Sadly, I’ve held the FTSE 250 inventory all through. After I first purchased it in 2023, it was nonetheless a member of the FTSE 100.
The rot goes deeper than that. A decade in the past, means again in pre-Brexit Christmas 2015, Taylor Wimpey shares traded at round 200p. Right now they sit at roughly half that, close to 100p. The roof is leaky and the foundations look shaky, but I’ve purchased the inventory on 4 separate events within the final two-and-a-bit years. Why?
I really feel like a kind of home hunters who falls in love with an previous property, then throws a fortune at it. Taylor Wimpey is a doer-upper. However it does have one large benefit. Really, two.
FTSE 250 comeback potential
First, it stays a longtime, profitable, and worthwhile enterprise. That’s straightforward to overlook when observing its risky share worth.
In 2024, Taylor Wimpey generated working revenue of £416.2m. Sadly, that was down 11.5% from £470.2m the yr earlier than, therefore investor uncertainty. It’s on observe for £424m in 2025, a small enchancment.
The group ended 2024 with internet money of £565m. That’s down from £678m in 2023 however nonetheless a reassuring buffer. This isn’t an organization in disaster.
In fact, buyers don’t simply need income, they need progress. And these have been brutal occasions for the sector.
The associated fee-of-living disaster has hit housebuilders from all sides. Increased inflation pushed up mortgage charges, hammering affordability and squeezing purchaser incomes. On the identical time, labour and supplies prices climbed, whereas the federal government’s hike to employers’ Nationwide Insurance coverage contributions added to the ache.

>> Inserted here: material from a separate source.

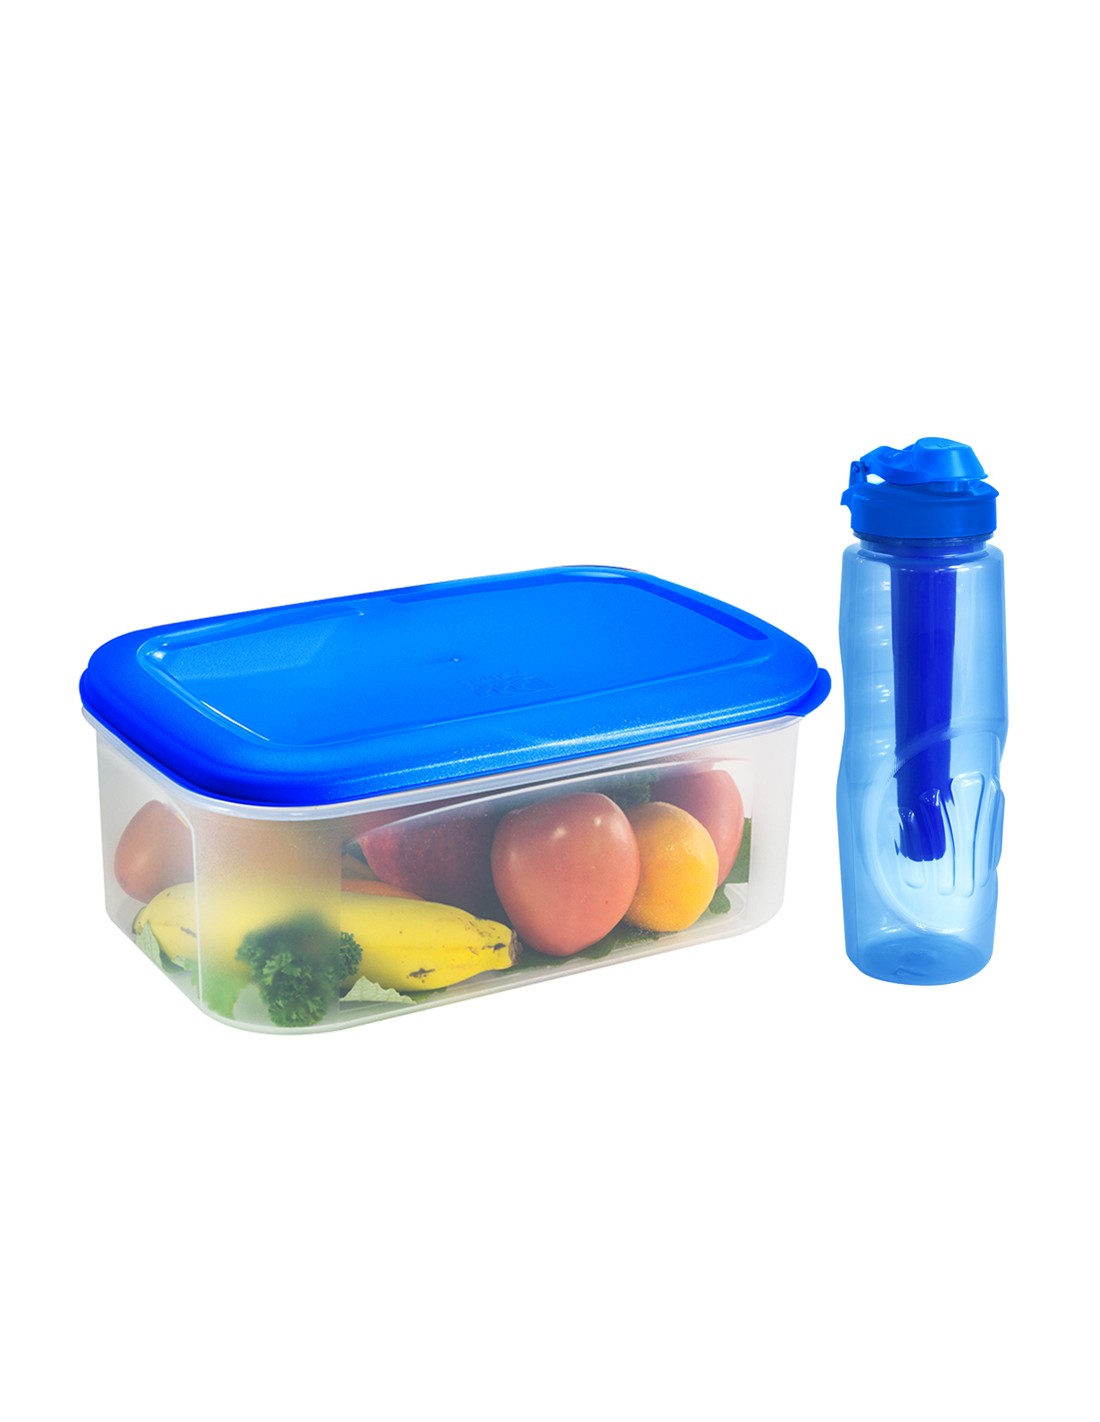 Envases de plástico: 5 recipientes para almacenar tus alimentos

There are many explanation why Taylor Wimpey shares have struggled. However there are additionally explanation why that would change. Inflation fell again to three.2% in November, a three-year low, and will proceed easing subsequent yr. If that occurs, a lot of these pressures ought to step by step elevate.

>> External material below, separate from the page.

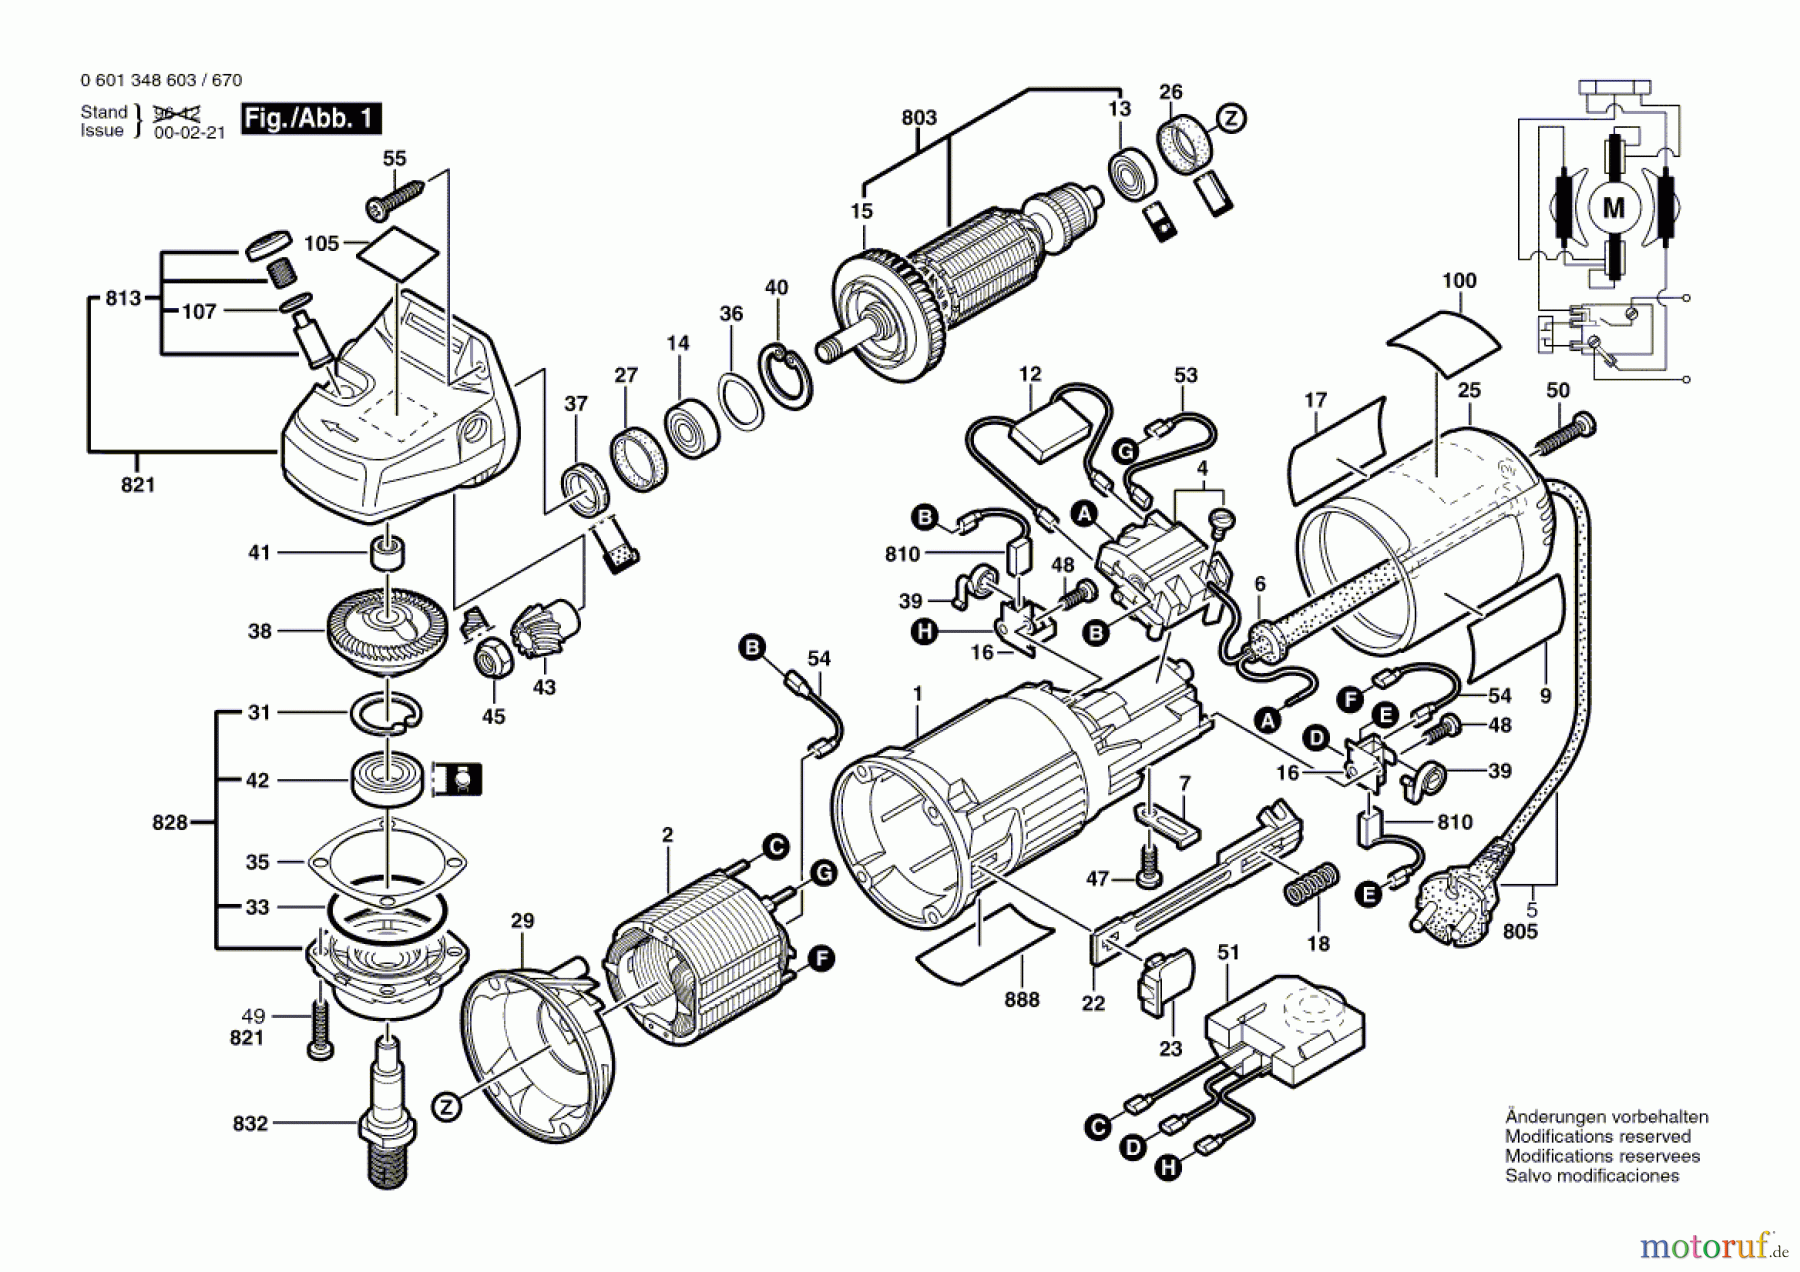  Bosch Werkzeug Winkelschleifer GWS 9-125 C Seite 1

Following the most recent Financial institution of England fee lower, new mortgage charges have dropped to round 4%, and there’s speak of three% offers showing on the horizon. That ought to increase demand.
Inventory predictions
Analysts appear eager. The 16 brokers providing one-year share worth forecasts produce a median goal of simply over 128p. In the event that they’re proper, that’s a acquire of round 25%, turning a £10,000 funding into £12,500. One dealer is forecasting progress of greater than 70%, to 172p. We will dream.
However there’s extra.
Which brings me to Taylor Wimpey’s second huge benefit: an eye catching trailing dividend yield of 9.22%. The board trimmed the payout by 1.25% in 2024, but the shares are nonetheless forecast to yield 8.86% in 2026.

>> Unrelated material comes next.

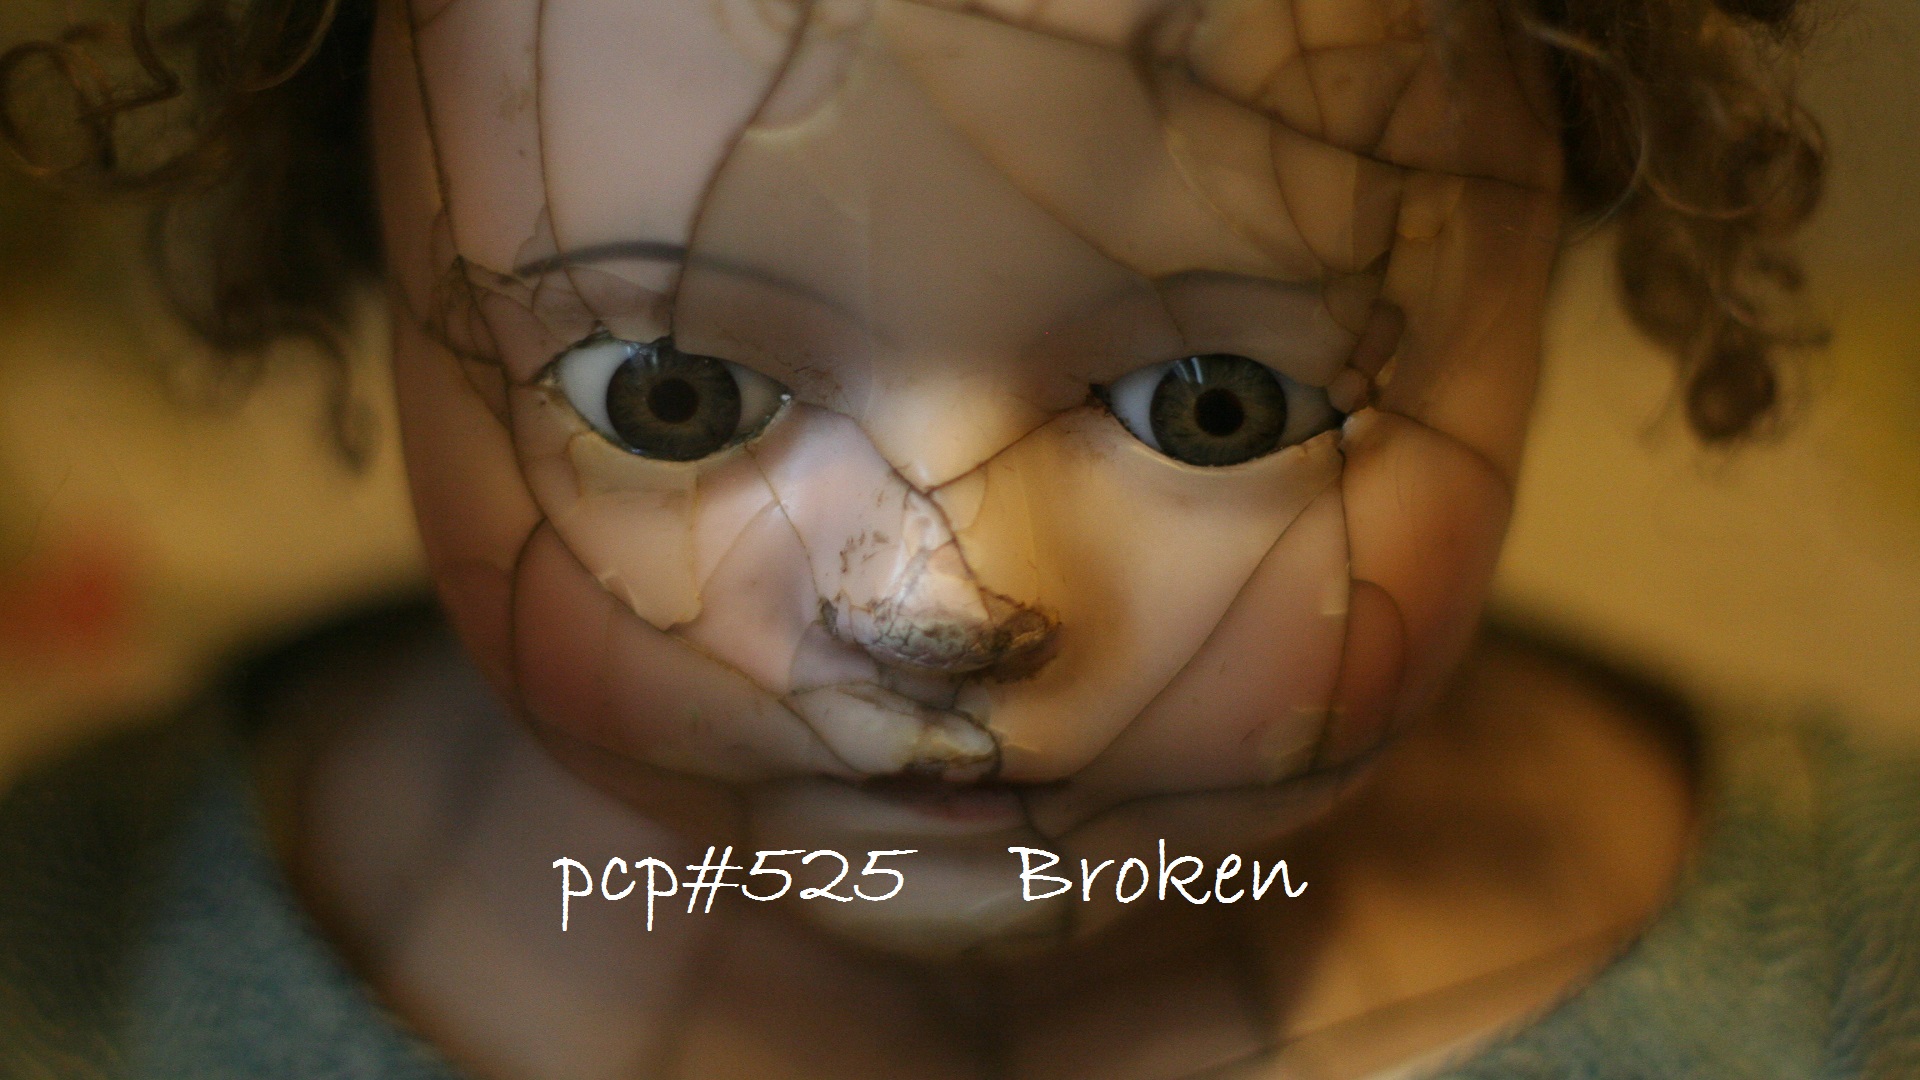 PCP#525... Broken...

Add that to the potential share worth rise progress and £10k turns into £13,385. Nothing right here is assured, in fact. The UK economic system stays fragile, inflation might show sticky, rates of interest might not fall, and property stays costly.
But with a price-to-earnings ratio of 12.4, Taylor Wimpey seems good worth and value contemplating. It might take a yr or two to completely ship, so buyers might should be affected person a short while longer. I’ve a giant stake on this inventory. I’m tempted to purchase much more.